TASK PROMPT:
A line below contains "Dự báo thời", and a later one contains "SSD, bild 3". Repeat both, with every line between them, exactly.

INPUT:
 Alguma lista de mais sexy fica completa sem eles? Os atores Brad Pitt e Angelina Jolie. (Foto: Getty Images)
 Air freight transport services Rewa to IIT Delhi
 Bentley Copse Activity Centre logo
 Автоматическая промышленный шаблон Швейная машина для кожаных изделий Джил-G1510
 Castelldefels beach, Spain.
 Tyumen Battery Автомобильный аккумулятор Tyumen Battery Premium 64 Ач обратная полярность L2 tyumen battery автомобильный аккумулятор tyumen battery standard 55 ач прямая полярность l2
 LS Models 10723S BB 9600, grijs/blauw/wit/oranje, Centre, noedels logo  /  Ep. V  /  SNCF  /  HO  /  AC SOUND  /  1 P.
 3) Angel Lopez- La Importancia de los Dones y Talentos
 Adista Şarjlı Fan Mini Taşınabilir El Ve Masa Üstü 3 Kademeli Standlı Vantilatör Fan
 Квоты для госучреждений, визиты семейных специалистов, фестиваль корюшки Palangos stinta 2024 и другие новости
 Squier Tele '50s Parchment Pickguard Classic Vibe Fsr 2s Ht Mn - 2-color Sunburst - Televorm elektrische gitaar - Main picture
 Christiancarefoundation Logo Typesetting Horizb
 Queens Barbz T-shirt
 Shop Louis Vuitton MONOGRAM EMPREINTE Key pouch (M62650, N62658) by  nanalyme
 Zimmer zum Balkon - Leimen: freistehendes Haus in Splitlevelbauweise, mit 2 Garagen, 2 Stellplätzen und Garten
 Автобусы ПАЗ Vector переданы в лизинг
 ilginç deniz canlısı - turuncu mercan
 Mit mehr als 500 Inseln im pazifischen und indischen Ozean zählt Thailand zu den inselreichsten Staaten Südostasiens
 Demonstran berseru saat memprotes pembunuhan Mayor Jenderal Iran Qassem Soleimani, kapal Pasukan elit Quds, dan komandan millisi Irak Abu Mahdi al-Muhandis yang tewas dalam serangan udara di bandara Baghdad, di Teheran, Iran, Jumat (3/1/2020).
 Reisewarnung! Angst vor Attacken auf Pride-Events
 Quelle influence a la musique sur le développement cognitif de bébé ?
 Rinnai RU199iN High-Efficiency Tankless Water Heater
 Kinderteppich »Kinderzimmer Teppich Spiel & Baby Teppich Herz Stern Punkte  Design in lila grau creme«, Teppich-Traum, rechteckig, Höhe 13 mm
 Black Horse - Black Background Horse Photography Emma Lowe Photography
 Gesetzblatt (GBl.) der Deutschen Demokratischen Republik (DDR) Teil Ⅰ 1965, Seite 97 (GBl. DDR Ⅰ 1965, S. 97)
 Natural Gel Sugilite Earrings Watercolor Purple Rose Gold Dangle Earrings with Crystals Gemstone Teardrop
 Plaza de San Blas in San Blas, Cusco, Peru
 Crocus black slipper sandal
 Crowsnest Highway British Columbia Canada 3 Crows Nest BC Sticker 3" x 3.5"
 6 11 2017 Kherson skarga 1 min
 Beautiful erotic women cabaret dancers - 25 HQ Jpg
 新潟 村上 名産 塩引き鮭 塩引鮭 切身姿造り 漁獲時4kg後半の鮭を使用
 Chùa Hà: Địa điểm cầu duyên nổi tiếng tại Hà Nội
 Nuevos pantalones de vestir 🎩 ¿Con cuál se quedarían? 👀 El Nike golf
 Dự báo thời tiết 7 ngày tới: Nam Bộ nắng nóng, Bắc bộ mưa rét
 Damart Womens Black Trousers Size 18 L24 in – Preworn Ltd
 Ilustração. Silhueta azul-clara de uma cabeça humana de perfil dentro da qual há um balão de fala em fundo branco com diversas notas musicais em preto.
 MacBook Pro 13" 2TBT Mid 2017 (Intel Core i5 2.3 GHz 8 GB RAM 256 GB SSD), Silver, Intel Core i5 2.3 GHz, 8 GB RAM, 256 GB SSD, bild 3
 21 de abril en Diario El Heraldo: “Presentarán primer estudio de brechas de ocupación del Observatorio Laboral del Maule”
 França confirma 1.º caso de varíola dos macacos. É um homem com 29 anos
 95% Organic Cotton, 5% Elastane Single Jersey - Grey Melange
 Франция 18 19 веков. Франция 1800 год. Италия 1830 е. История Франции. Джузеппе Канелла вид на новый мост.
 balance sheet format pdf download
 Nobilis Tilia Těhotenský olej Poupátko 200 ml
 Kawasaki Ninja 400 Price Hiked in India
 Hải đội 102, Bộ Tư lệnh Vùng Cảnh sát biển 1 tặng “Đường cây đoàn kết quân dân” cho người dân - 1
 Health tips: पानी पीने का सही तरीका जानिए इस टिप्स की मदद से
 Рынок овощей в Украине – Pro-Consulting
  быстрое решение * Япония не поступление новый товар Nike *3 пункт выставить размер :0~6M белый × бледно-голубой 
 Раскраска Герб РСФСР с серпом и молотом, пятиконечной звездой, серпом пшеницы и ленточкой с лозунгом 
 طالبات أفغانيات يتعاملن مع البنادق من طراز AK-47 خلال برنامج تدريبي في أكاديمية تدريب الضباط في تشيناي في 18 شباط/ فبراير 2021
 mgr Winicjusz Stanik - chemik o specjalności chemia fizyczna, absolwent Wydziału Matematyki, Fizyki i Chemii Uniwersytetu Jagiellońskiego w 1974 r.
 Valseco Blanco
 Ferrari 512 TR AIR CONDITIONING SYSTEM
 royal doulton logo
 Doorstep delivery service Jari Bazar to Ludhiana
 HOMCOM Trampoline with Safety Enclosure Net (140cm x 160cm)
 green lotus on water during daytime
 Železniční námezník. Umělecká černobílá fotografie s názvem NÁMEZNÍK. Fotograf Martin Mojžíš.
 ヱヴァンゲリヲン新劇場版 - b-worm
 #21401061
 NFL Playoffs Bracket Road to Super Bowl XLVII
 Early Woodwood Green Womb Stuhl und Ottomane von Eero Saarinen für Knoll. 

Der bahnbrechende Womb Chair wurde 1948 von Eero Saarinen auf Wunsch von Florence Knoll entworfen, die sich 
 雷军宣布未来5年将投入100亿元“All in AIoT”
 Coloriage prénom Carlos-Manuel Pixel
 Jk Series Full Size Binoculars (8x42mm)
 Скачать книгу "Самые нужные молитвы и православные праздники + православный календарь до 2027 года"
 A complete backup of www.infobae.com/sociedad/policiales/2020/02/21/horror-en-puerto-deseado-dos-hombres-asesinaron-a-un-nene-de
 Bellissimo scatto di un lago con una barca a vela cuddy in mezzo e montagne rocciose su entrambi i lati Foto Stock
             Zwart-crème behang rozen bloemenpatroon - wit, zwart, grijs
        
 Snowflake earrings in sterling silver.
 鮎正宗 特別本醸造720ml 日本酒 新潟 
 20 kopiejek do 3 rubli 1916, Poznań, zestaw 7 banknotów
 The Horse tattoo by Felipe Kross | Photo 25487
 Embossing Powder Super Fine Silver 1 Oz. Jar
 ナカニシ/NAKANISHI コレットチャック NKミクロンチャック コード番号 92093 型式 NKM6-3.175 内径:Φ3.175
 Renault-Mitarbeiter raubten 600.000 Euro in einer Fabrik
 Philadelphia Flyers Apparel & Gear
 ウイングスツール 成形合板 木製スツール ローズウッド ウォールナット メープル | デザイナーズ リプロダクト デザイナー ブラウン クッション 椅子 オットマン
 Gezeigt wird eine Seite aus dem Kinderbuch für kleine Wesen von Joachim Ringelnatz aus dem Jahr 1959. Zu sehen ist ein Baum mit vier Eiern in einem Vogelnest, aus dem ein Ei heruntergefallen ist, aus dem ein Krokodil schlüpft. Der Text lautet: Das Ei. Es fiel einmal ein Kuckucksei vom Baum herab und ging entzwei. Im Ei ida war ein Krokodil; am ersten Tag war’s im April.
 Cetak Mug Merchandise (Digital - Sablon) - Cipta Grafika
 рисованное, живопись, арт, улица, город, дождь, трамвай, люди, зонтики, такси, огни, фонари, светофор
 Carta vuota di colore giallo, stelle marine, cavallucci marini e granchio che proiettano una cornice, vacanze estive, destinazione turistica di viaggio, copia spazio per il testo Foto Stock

RESPONSE FOR THIS EXERCISE:
 Dự báo thời tiết 7 ngày tới: Nam Bộ nắng nóng, Bắc bộ mưa rét
 Damart Womens Black Trousers Size 18 L24 in – Preworn Ltd
 Ilustração. Silhueta azul-clara de uma cabeça humana de perfil dentro da qual há um balão de fala em fundo branco com diversas notas musicais em preto.
 MacBook Pro 13" 2TBT Mid 2017 (Intel Core i5 2.3 GHz 8 GB RAM 256 GB SSD), Silver, Intel Core i5 2.3 GHz, 8 GB RAM, 256 GB SSD, bild 3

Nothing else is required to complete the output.